Project Log Day 115: MMCA approach


I owed it to my tutor. And I’m not done. But it works at last (although, somewhat poorly for now).

My Project’s tutor published a paper some years back related to the “Mean Field” approach to a SIS infection simulation over network graphs.

In summary, the SIS simulator is approximated with a Markov Chain, i.e. only dependent on the last time step, using probabilities of infection of each node, their neighbours (through the adjacency matrix), and probabilities of cleaning up an infection for each node.

So instead of actually generating different configurations, and running different iterations whereby in each a lot of random numbers are generated (many times), we iterate until we reach a certain stability, directly multiplying probabilities.
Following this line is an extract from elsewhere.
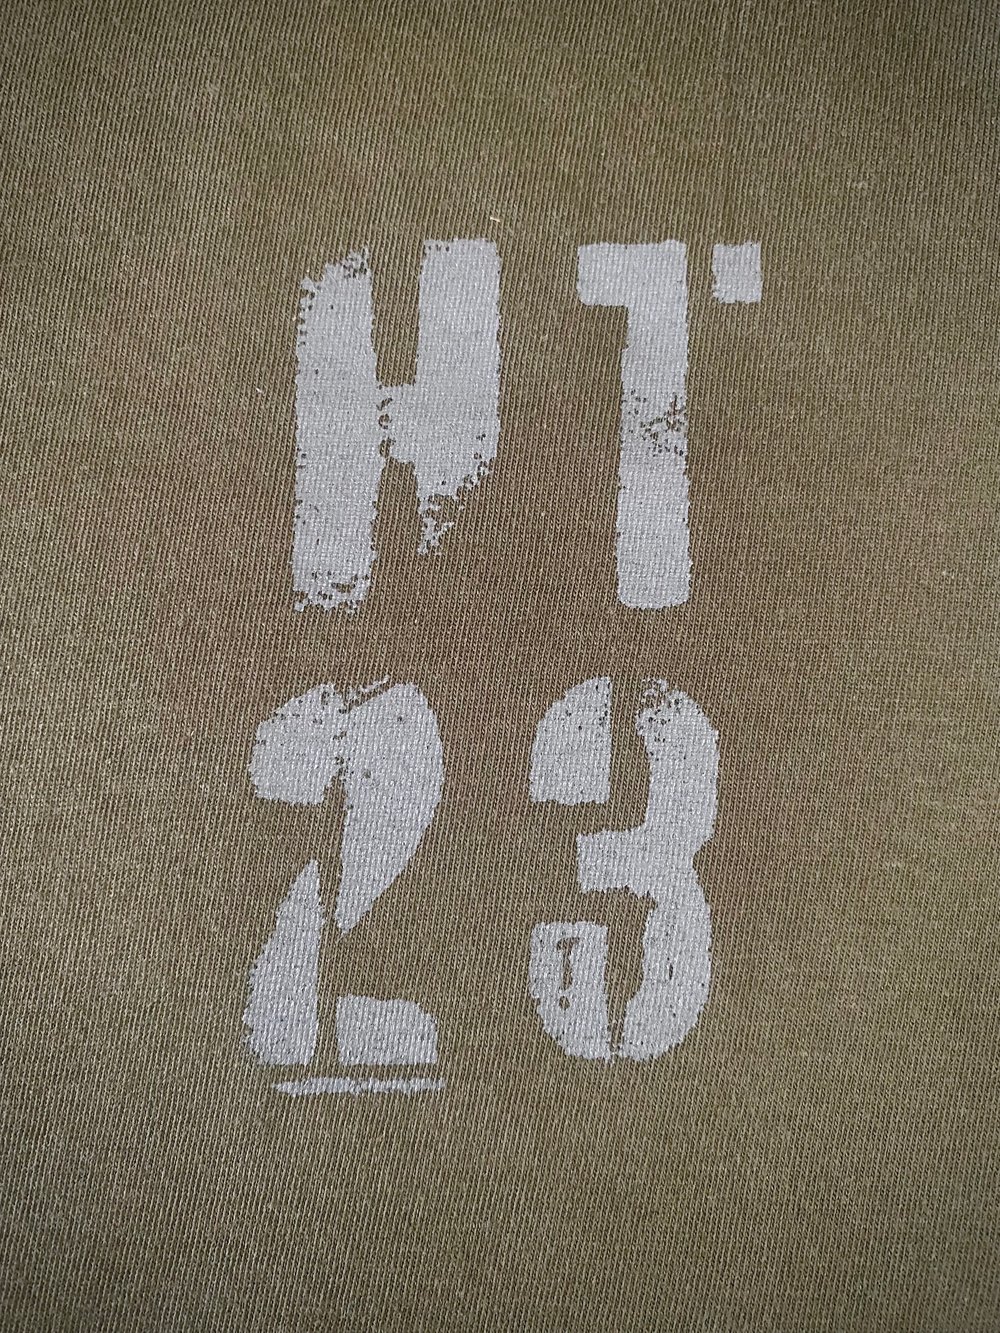 HT23 'INTERCEPTOR' Logo T Shirt Khaki

And that’s a LOT fewer iterations.

And this entry is a note for the future dissertation/paper, marking the point in time at which I (finally) got into this topic. (I use these entries as timeline references of my progress so that the redaction of the final dissertation can be made somewhat easier thanks to referencing this blog… Hopefully, anyway).

As my tutor puts it, this new exercise makes the Project somewhat more complete, as we compare different methods and computational approaches.

Now I “just” need to find out, why my current implementation is working (the GA with MMCA does improve with iterations), but so much worse (in the first tests, at least) than the version which runs (many) more steps

But well, the first implementation (functional) is there. And that’s quite good, as I have been delaying this exercise for way too long until now.